Sunday, September 11, 2011

The Weird West Review!

First of all, I've been working twelve hour days and thus have fallen way behind on the September of Short Adventures challenge. I honestly don't know if I will be able to find the time to get back to it.
I don't want to just dump out crappy stuff. (Hopefully that hasn't been the case so far.)

Now to the good stuff.

Weird West is a small game with big potential. It is simple yet innovative and written straight to the point. It has to be. The rules are six pages long plus one page for the fighting chart.

Character creation is very easy. Assign four points between four attributes and choose a path. A path is basically a class and determines how the character's attributes will improve as they gain levels.
The paths are Adventurer, Gifted, Fighter and Magician.

The cool part is any of the character paths are also able to choose magic and weird abilities. The origin of these abilities are not defined in the rules themselves, so you could describe them as magic, psychic, weird science, exotic martial arts or whatever else you could imagine.

Fighting in the weird West is detailed in two pages. And that is just enough to explain initiative, typical combat options, defences, weapons and non-lethal combat.

The character's path determines how much maximum damage they could do with any weapon.
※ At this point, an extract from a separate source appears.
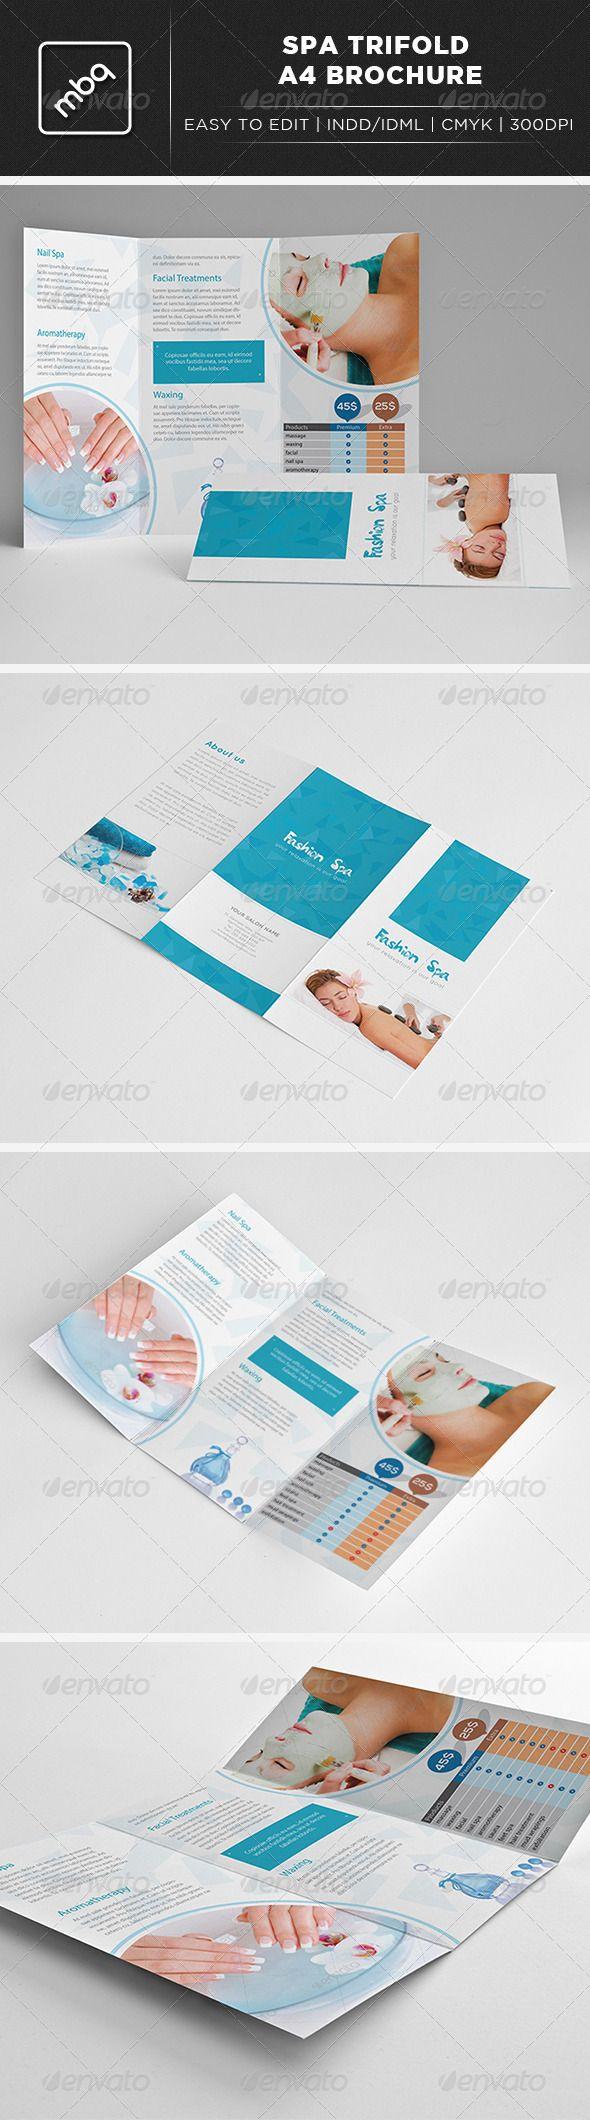 Spa Trifold A4 Brochure #GraphicRiver

For example, while an Adventurer could do 1D8 with a sword, a Magician could only do 1D4 with it.
I suppose this simulates combat training and it makes sense. It's balanced by the fact that the Magician gets a point for their Magic attribute and so can get those weird and magic abilities I mentioned earlier.
Pretty cool.

Dying! Your character may not be dying when they reach zero Stamina points. At that point you would roll a D6 and check a table to see whether they may be stunned, wounded to some degree or really kick the bucket.

Resolving non-combat actions is really easy. Notice a theme here?

Overall this game is very quick and fun to play. It would also be easy to add in stuff from other games or even adapt the genre to your own tastes.